Taiwan recently banned euthanizing abandoned animals in shelters, a law believed to have been prompted by the shocking suicide of a young veterinarian, in May 2016. 31-year-old Chien Chih-cheng injected herself with euthanasia drugs, after becoming extremely disturbed by the large number of animals she had to put down.
Chien Chih-cheng was the director of of an animal shelter in Taoyuan’s Sinwu District. She had chosen to work at the shelter because of her love for animals, and her colleagues remember that she “often worked overtime, rarely took a proper lunch break, and sacrificed her holidays to give the dogs more attention and make their lives better.” After graduating from one of Taiwan’s top university with the highest score in a civil service examination, Chien could have opted for a number of desk jobs, but she chose to dedicate her life to helping abandoned animals and getting them adopted by new families. But her job also required her to euthanize the animals that didn’t get adopted after a certain period of time, and this took a heavy toll on the young animal lover, especially after animal rights activists accused her of killing hundreds of abandoned dogs.

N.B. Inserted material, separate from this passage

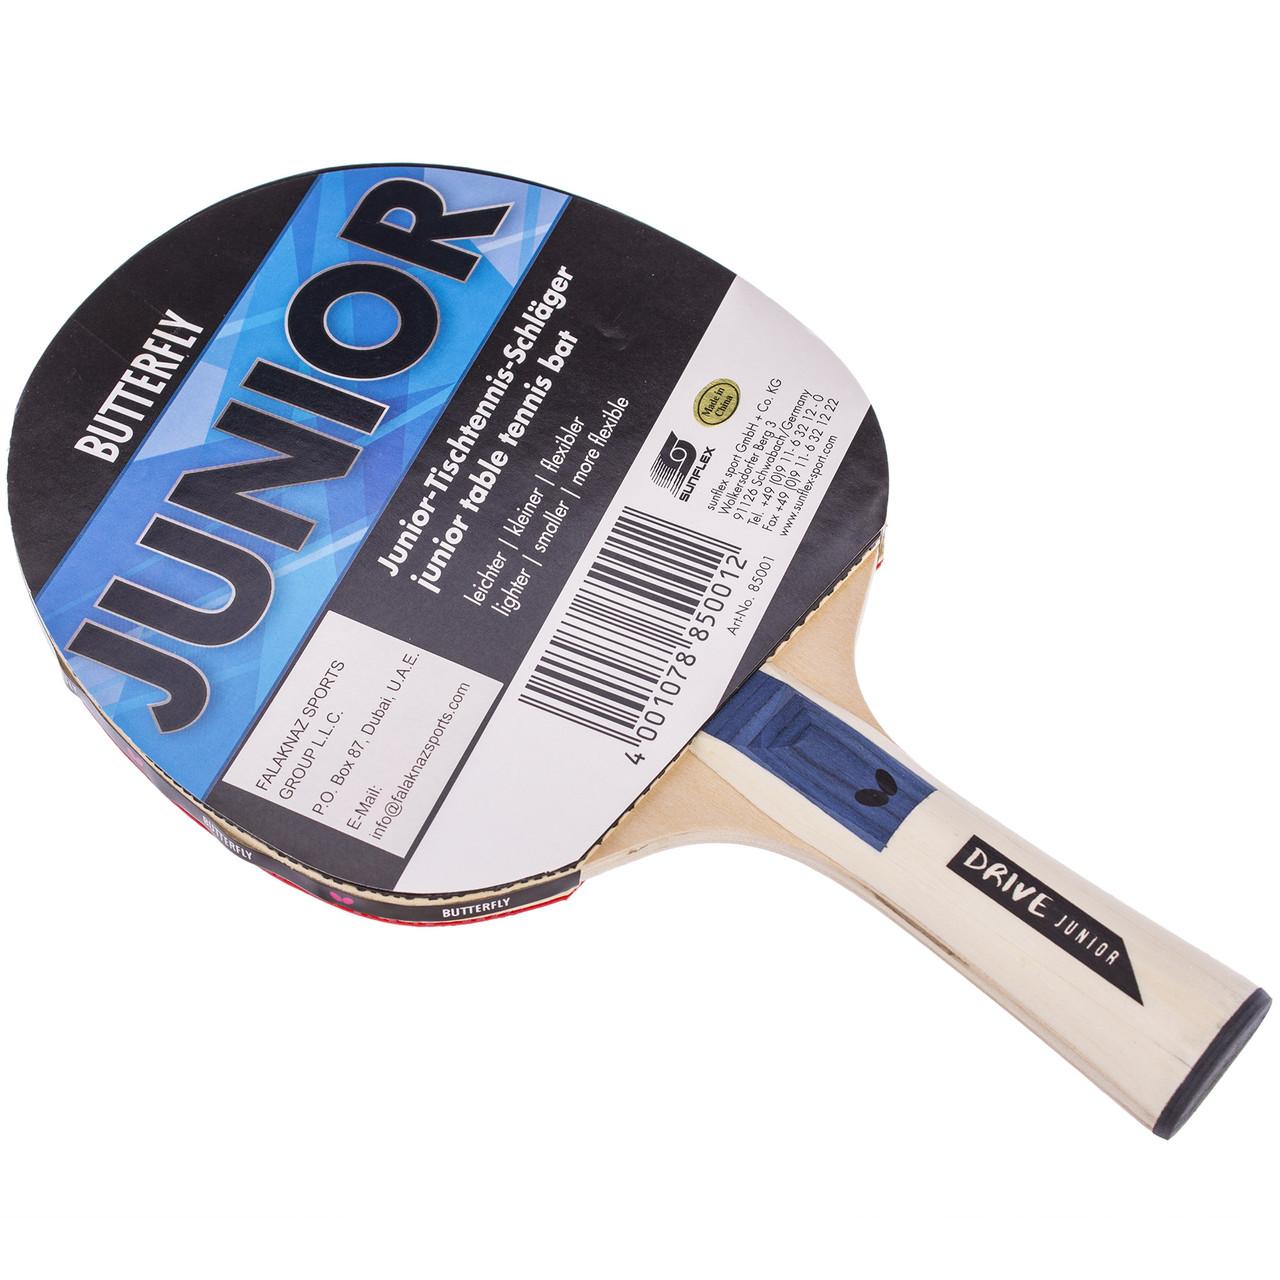 Теннисная ракетка BUTTERFLY для настольного тенниса JUNIOR 1 штука 85001

“Some animal welfare activists have unleashed relentless attacks on the Sinwu shelter and Chien was a target of those attacks,” Taoyuan City Councilor Wang Hao-yu wrote on Facebook last year. “She was even described as a ‘butcher.’ For a young woman who chose to work at the shelter because of her love for animals and whose duties involved euthanizing stray animals every day, those abuses were like stabs to the heart.”